Thanks, NTX - glad to see you made it through, and congratulations on your efforts!. I have no expectations at this point, and have mentally prepared myself for a very long haul.
I just actually had to put up a bit of a boundary. I have W's grandmother's piano still in my house, and she texted me demanding a Monday or Friday where she could bring people to come get it.
I replied that I worked those days, but I worked from home Tuesday and Thursday. She said she had movers (one of which is the guy she had an EA with and broke it off), and I simply said that I didn't want people I didn't know in my home, but I'd be happy to help her on either Tuesday or Thursday. She started cussing at me, so I simply said, "Please contact me again when you can speak to me politely." Then I quit responding. She called me an "a$$hole", but I ignored it.

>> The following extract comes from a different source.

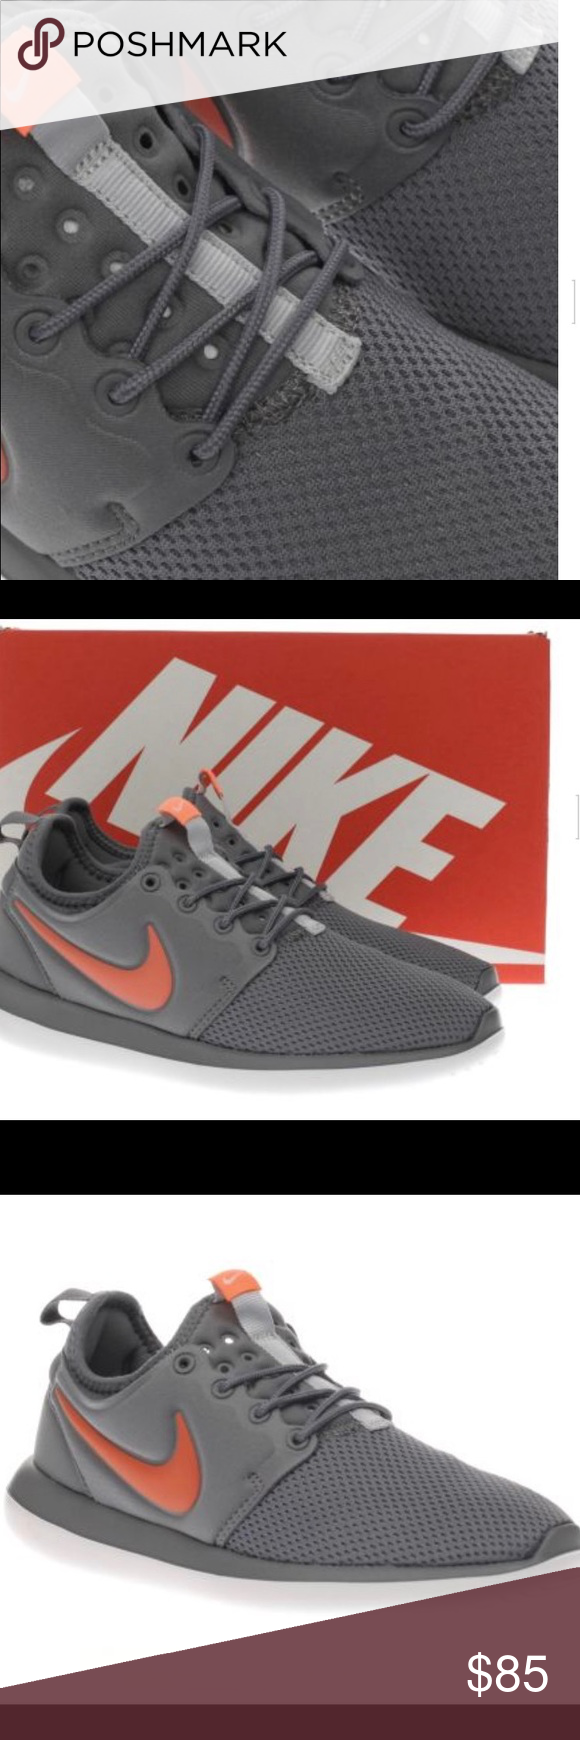 07d66812ccda Nike Roshe two

I wasn't nasty, didn't respond to her cussing, and set a boundary. It IS her piano, and it is been passed down to her, and I absolutely think she should have it, but I'm certainly not going to try to take off work to accommodate her demanding a time.
It is a little scary - my head screams at me, "You're gonna ruin any chance you have at reconciling", but my heart says, "It's time to quit rolling over." I remember a very similar scenario with XW1, and our dynamic changed from her demanding and me scurrying to make her happy, to her politely asking permission (and typically getting it).